Watts in the Water
Our oceans contain enough energy to power the planet—if we could just get our hands on it.
Another innovative scheme to draw power from the sea is through underwater kites placed in ocean currents. The idea is to harness the energy produced as the water perpetually pushes the kites into figure-eight patterns. Video courtesy of Minesto
Edinburgh isn’t known as a hotbed of industrial espionage. But one cool and quiet spring night in the Scottish city, a high-stakes burglary was underway. Down at the old port district of Leith, thieves breached a perimeter fence and broke into the offices of a company called Pelamis Wave Power. They homed in on four laptop computers and walked right past much more expensive equipment. Pelamis, at the time (March of 2011), was riding a wave of good fortune. Company engineers had produced the first commercial-scale machine for extracting energy from waves, vaulting Pelamis to top-dog status in the marine-energy industry. Already there was interest from several European utility companies, and a Portuguese company had placed an order. So promising was the technology that just two months earlier, a delegation of 60 Chinese officials had paid a visit, with a juicy investment deal presumably in the balance. The world was getting excited about wave power. The visitors donned white hard hats and Pelamis founder and director Richard Yemm led Li Keqiang, the vice premier of China (now premier), and his charges across the factory floor during a key phase of production. Yemm was likely thinking only of the dizzying future on the other side of so much hard work, so many stillborn dreams. Protecting his company’s valuable intellectual property was not top of mind.
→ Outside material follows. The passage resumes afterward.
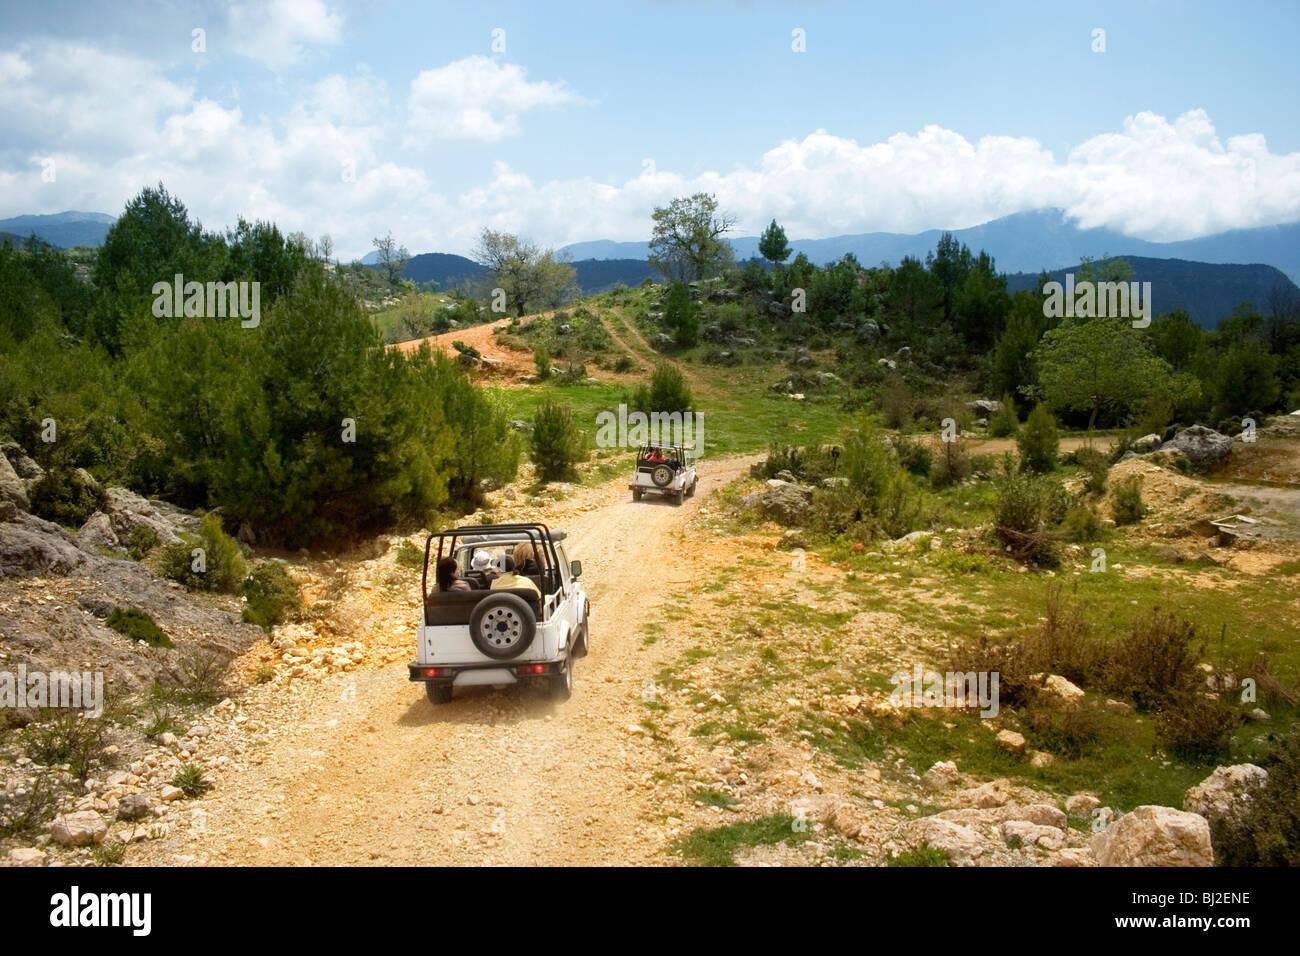 Jeep safari. Mountains of Alanya, Turkey. - Stock Image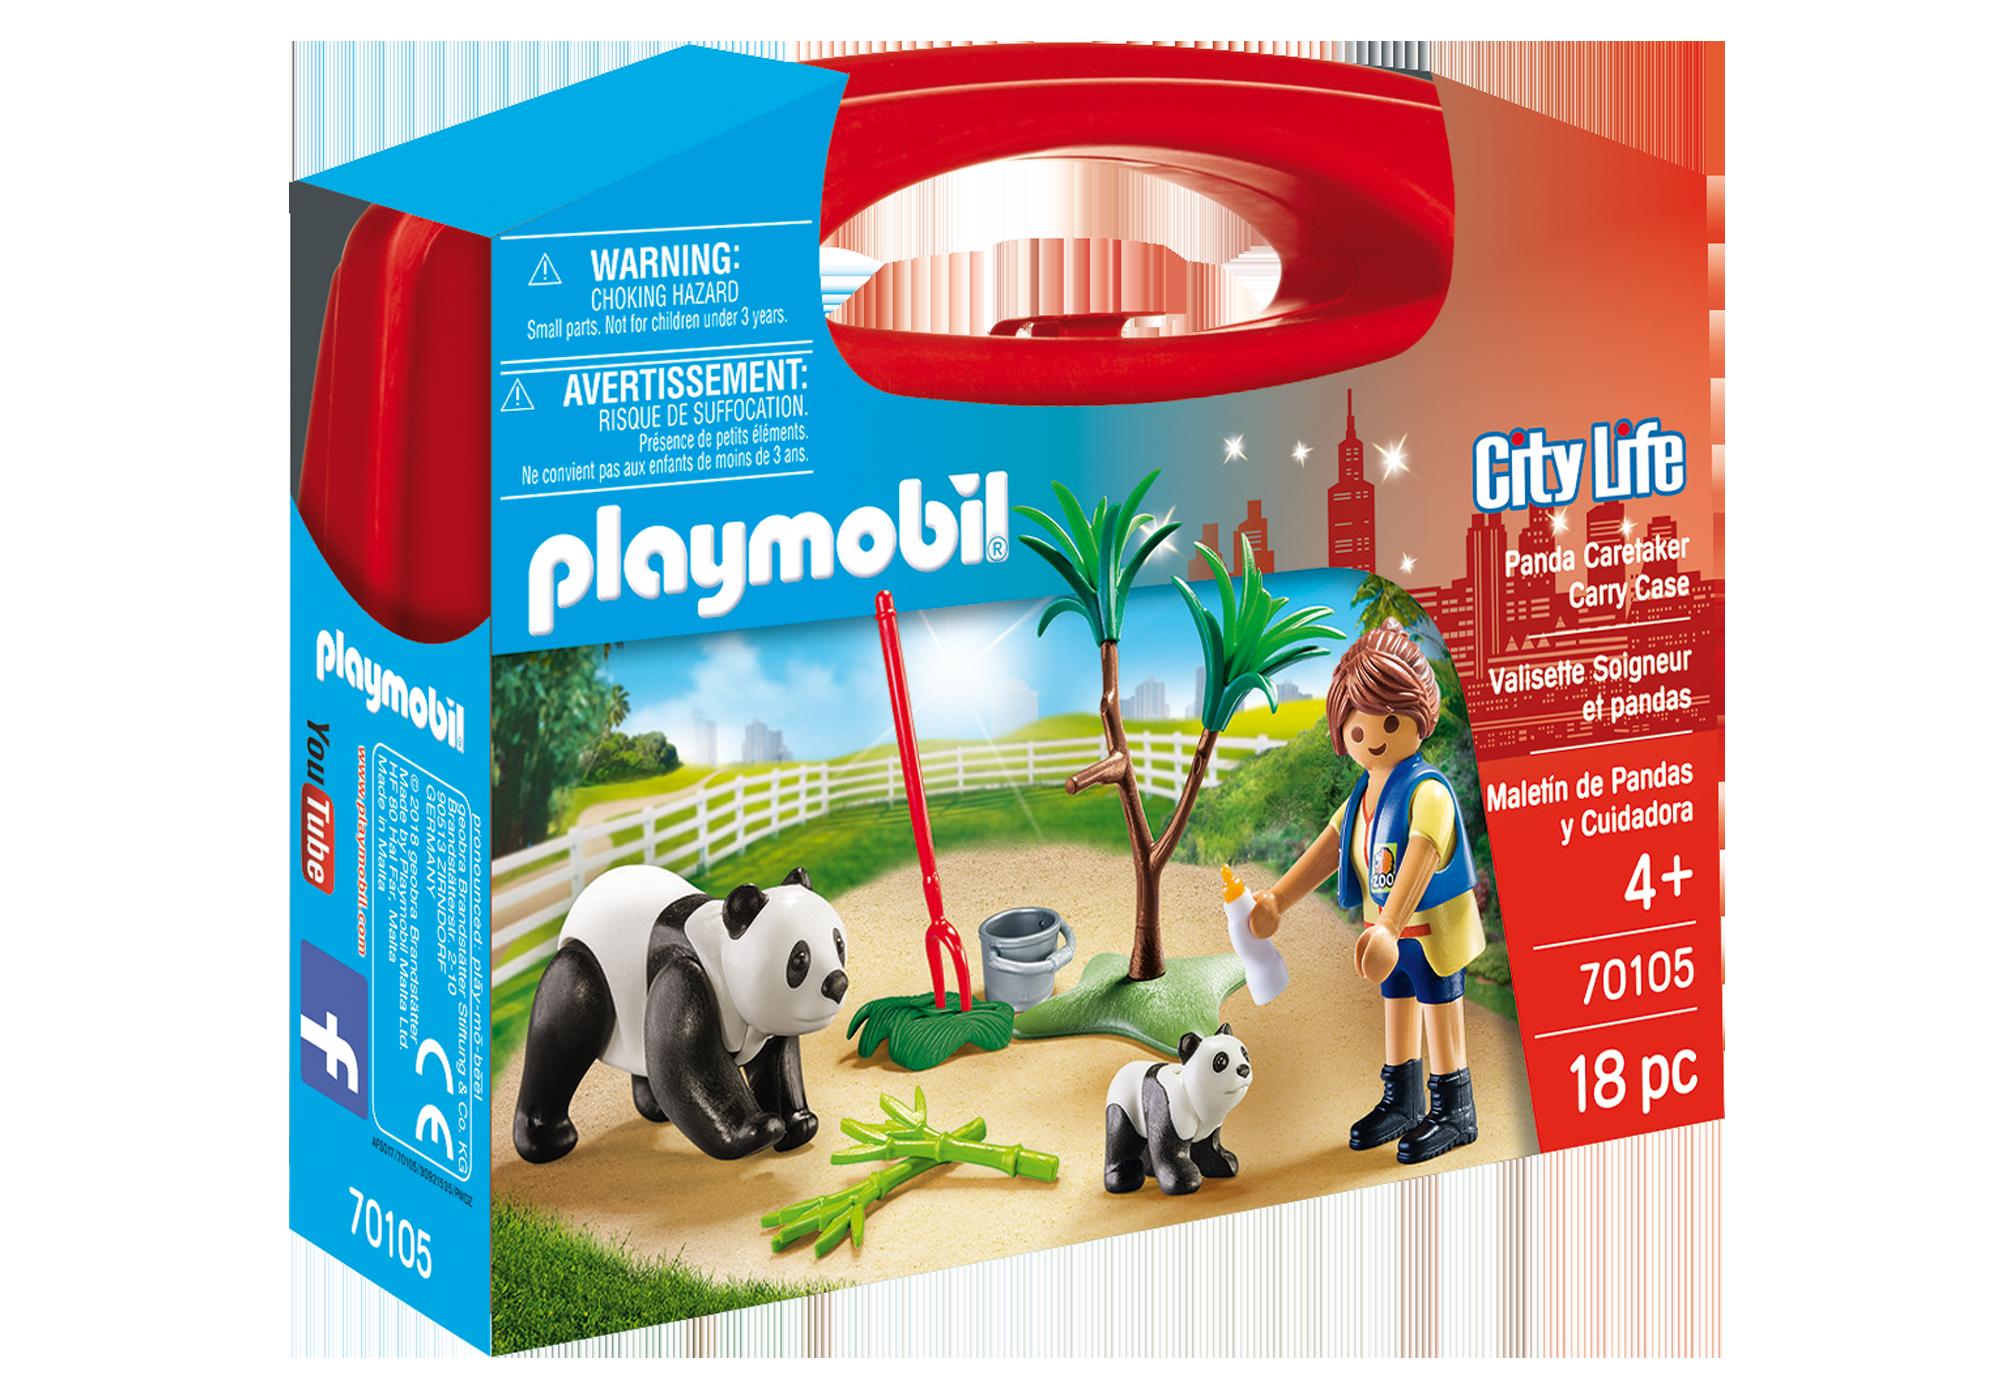 http://media.playmobil.com/i/playmobil/70105_product_box_front/Panda Caretaker Carry Case S

Yemm’s optimism was justified. At some point in 2013, the world’s energy scales tipped: for the first time, more new energy was produced by renewables than by fossil fuels. The shift is officially on. North Sea oil rigs are being dismantled. The run of coal as energy champion of Europe is over, and plans for hundreds of new coal plants across Asia have been shelved. The business case for solar is solid. One hundred percent of Dutch trains run on wind. Google just announced that its server farms and offices will be powered entirely by renewables—mostly wind and solar—by the end of 2017.
And ocean power?
Close to 200 trillion watts of kinetic energy lurk in the seas: more than enough to power the planet, if we could somehow extract it all.